▸ **Raw data**:
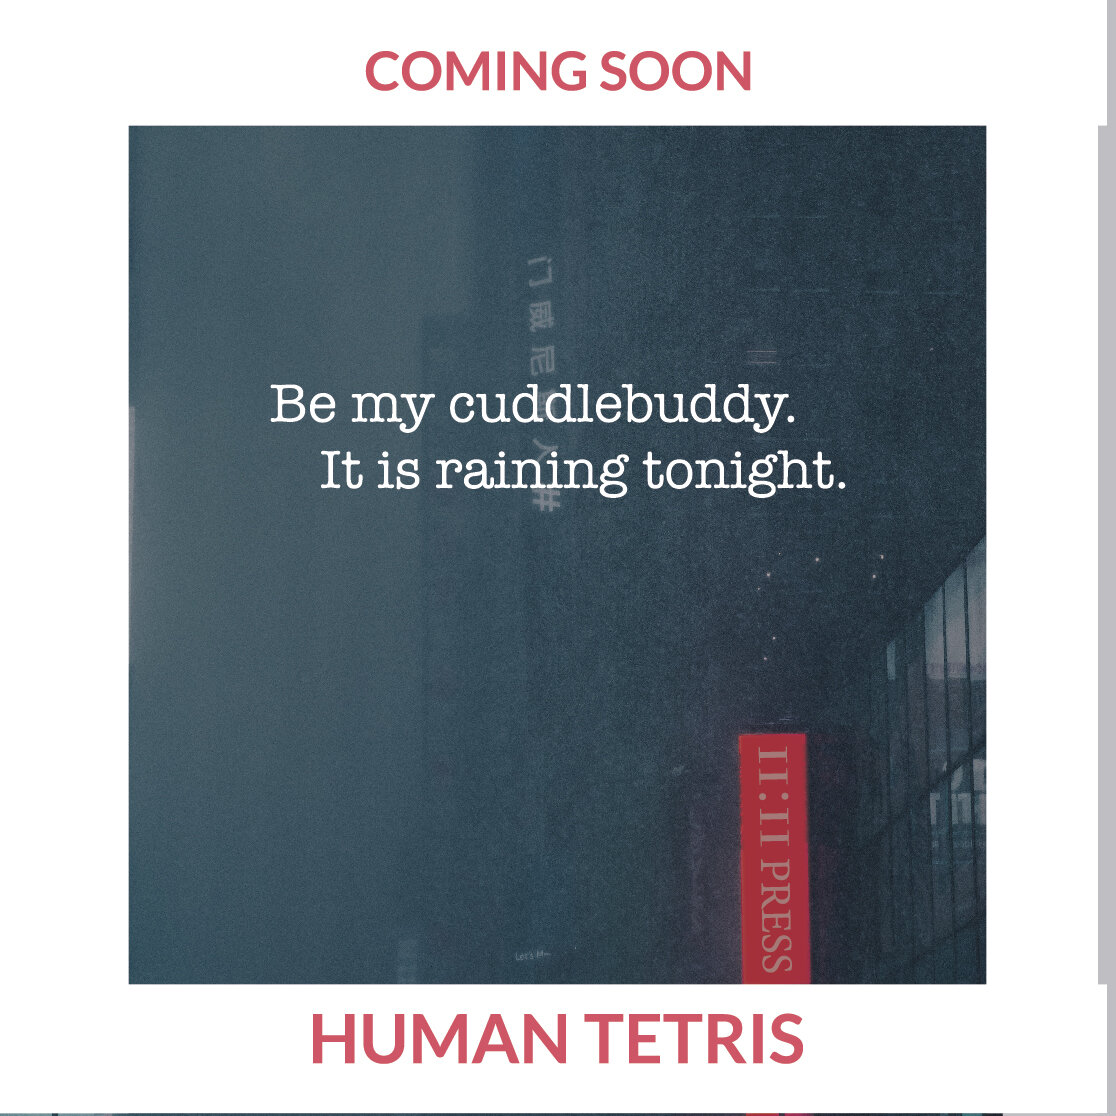 Human Tetris Ads-01.jpg
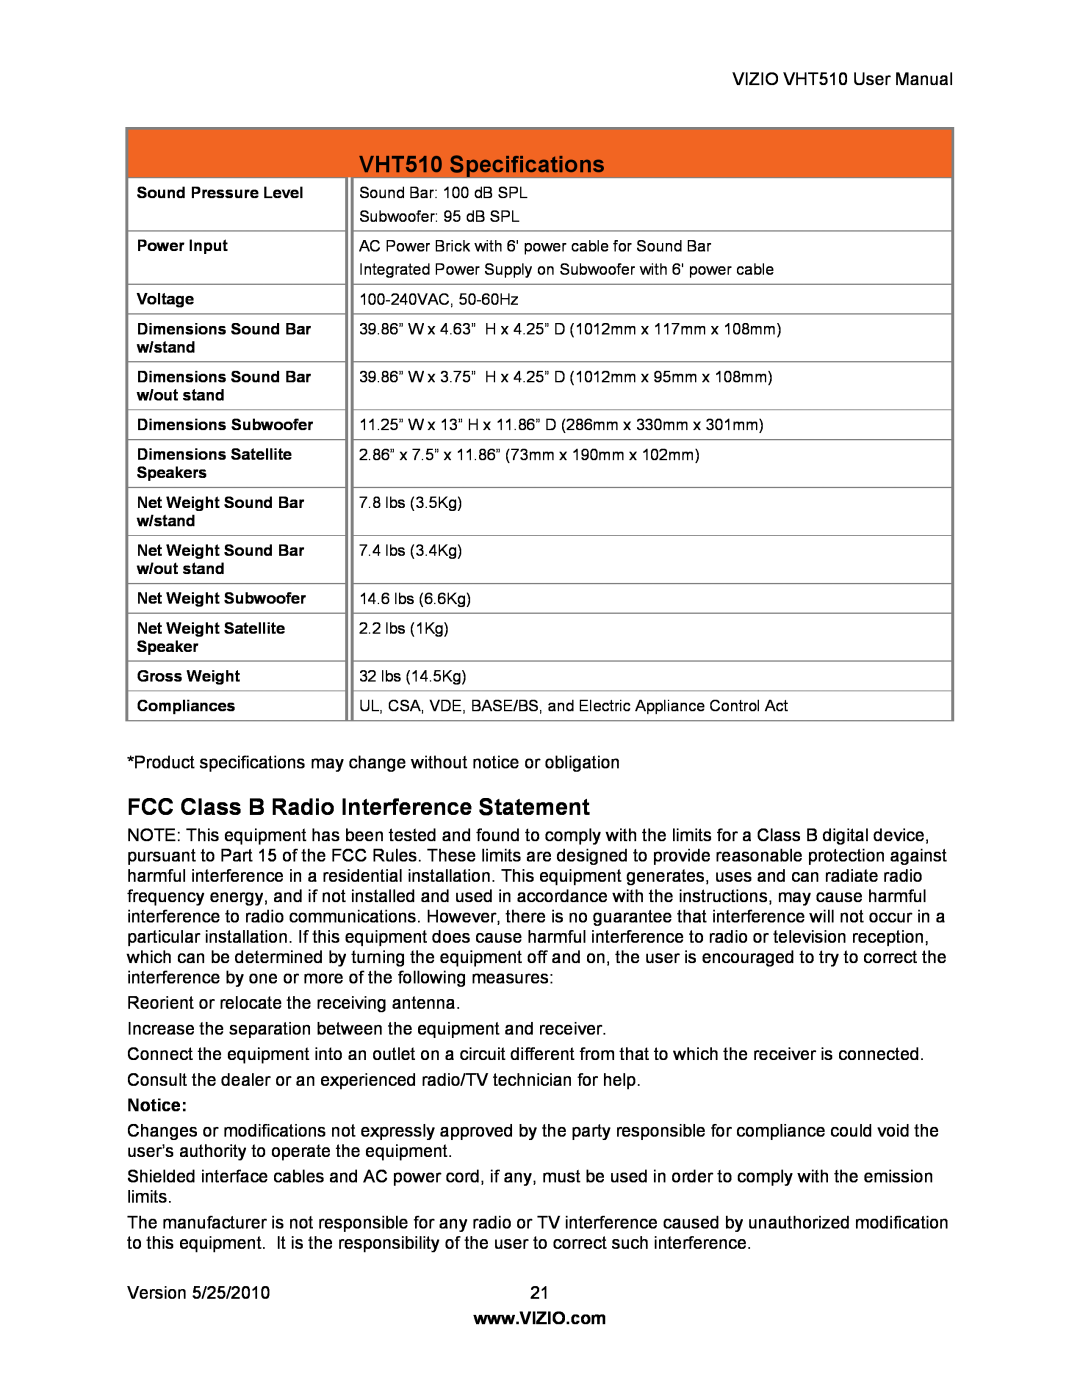 Vizio user manual FCC Class B Radio Interference Statement, VHT510 Specifications 
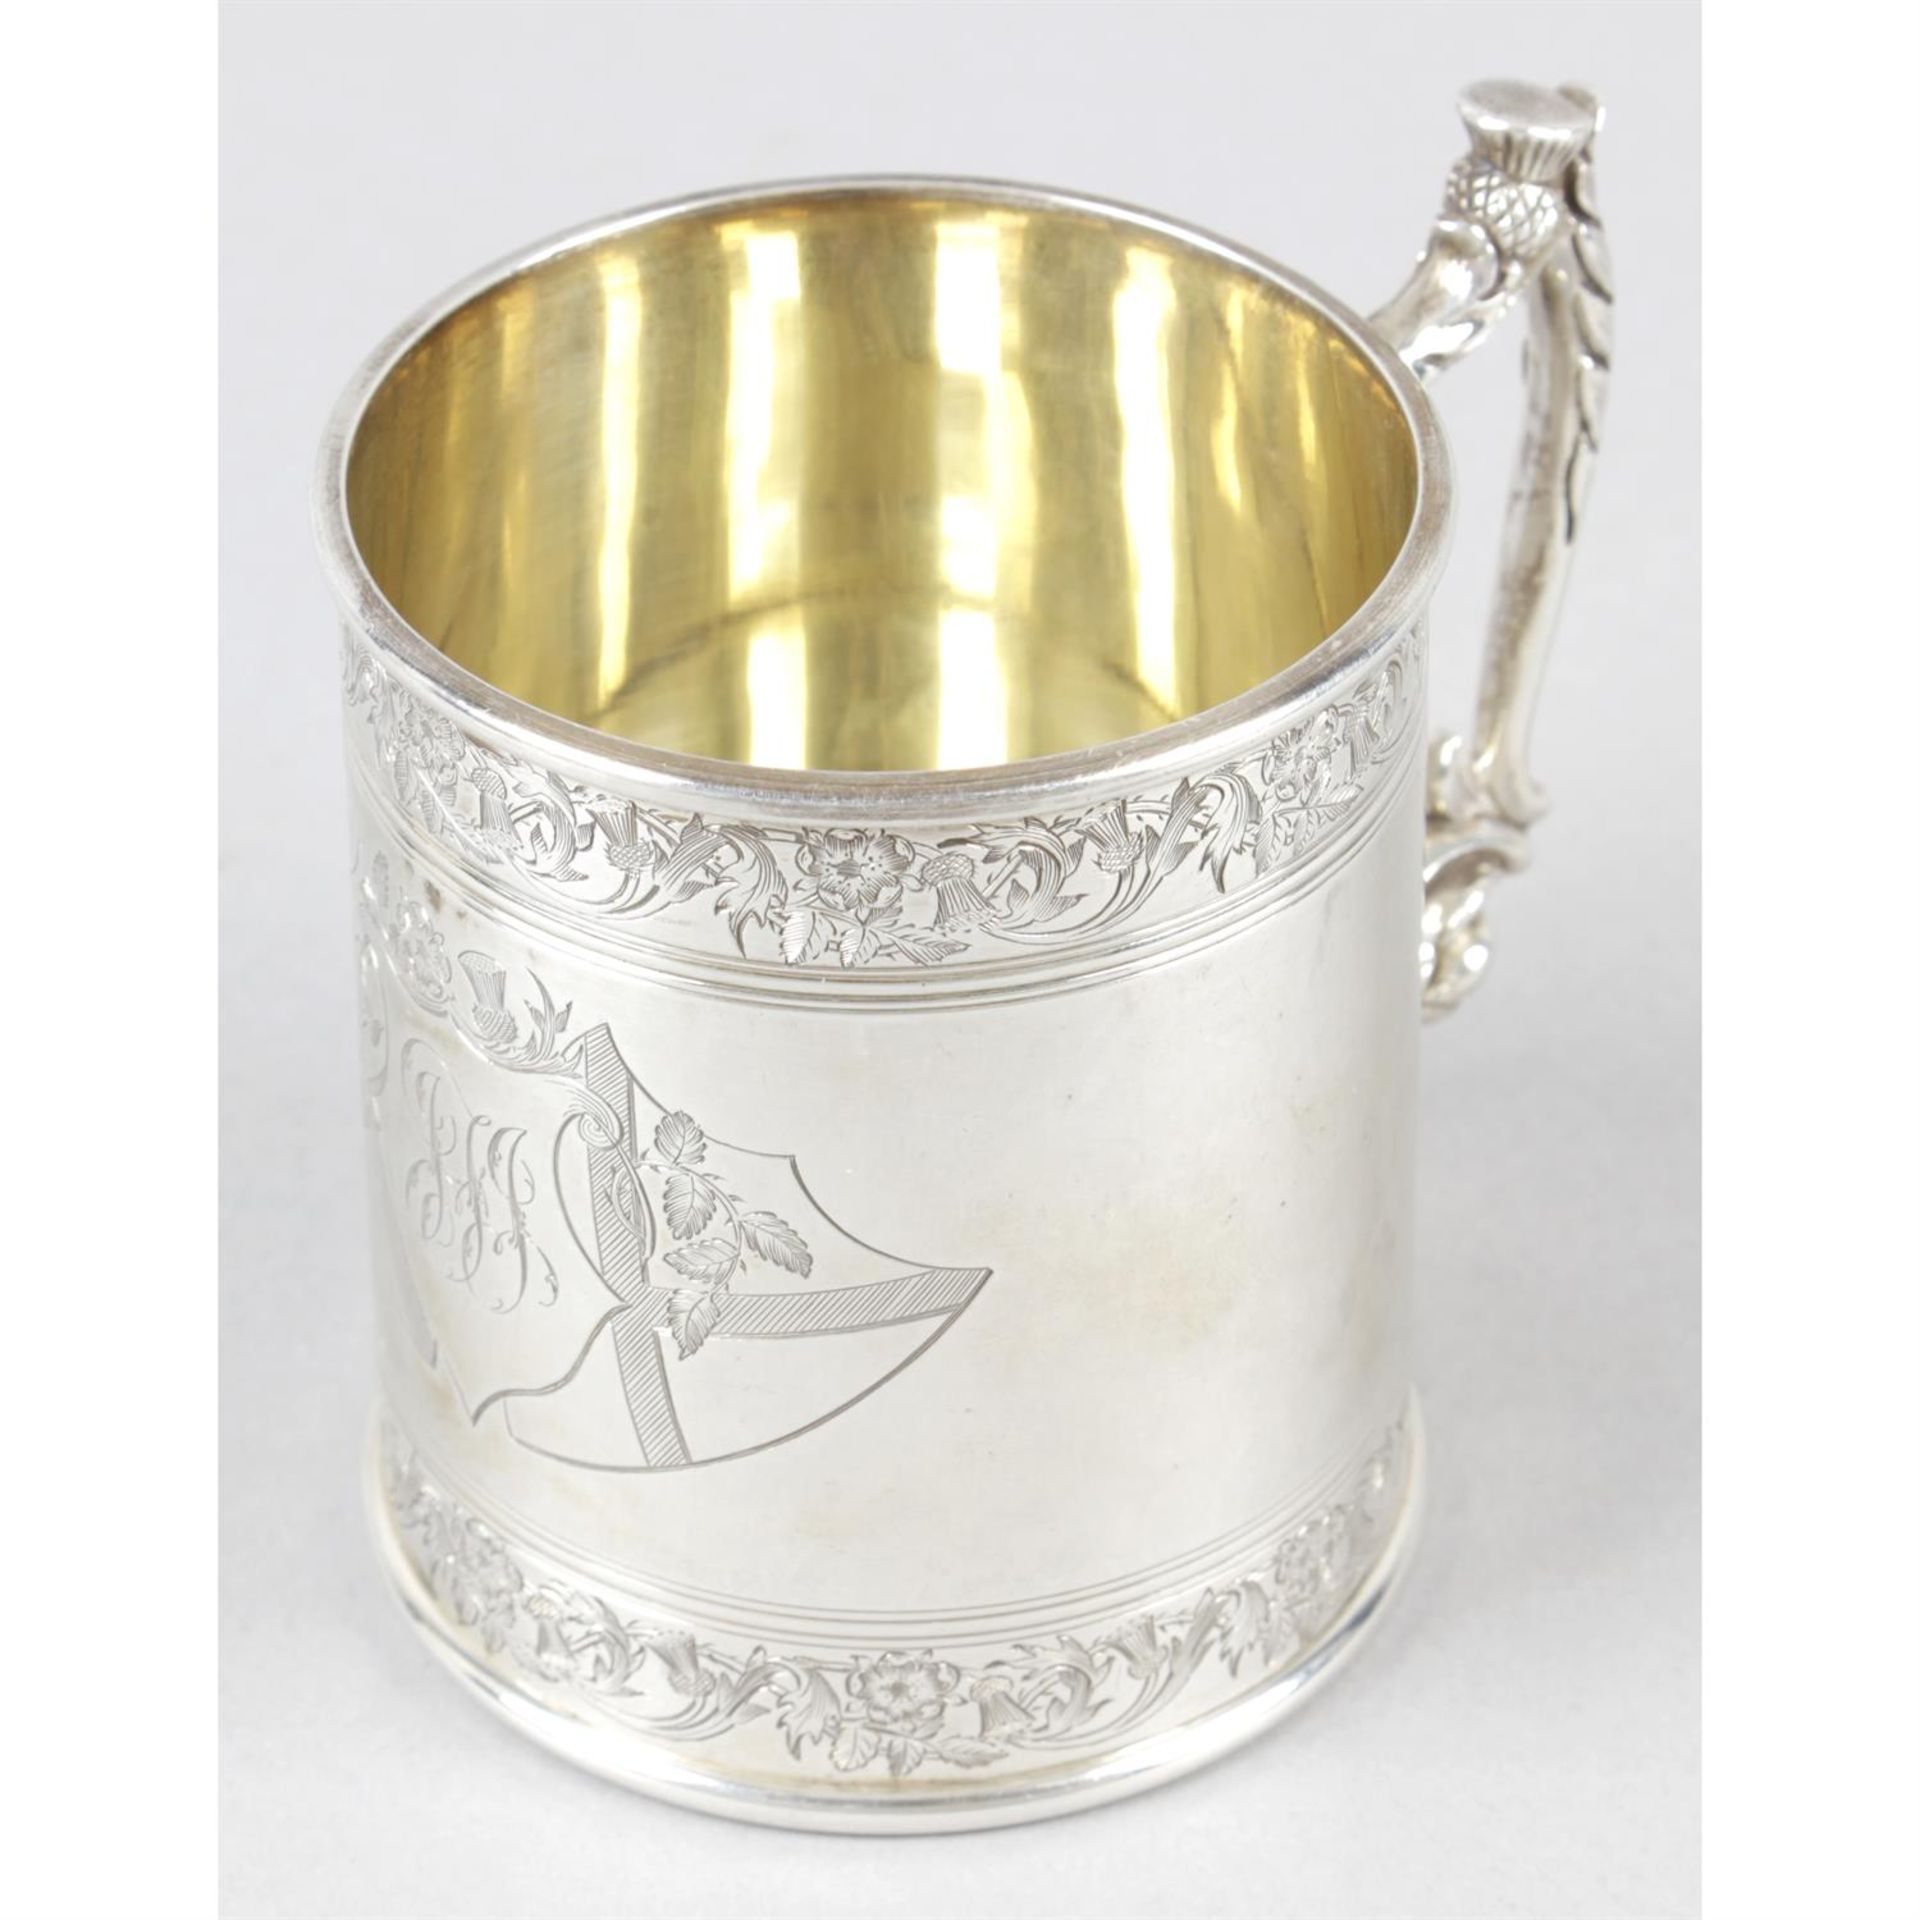 A George V silver christening mug.

▸ **Assigned task**: Please repeat the lines above from the line containing "Vizio user manual" through the final line, both included, exactly as they stand and without pictures.

▸ **Answer section**:
 Vizio user manual FCC Class B Radio Interference Statement, VHT510 Specifications 
 A George V silver christening mug.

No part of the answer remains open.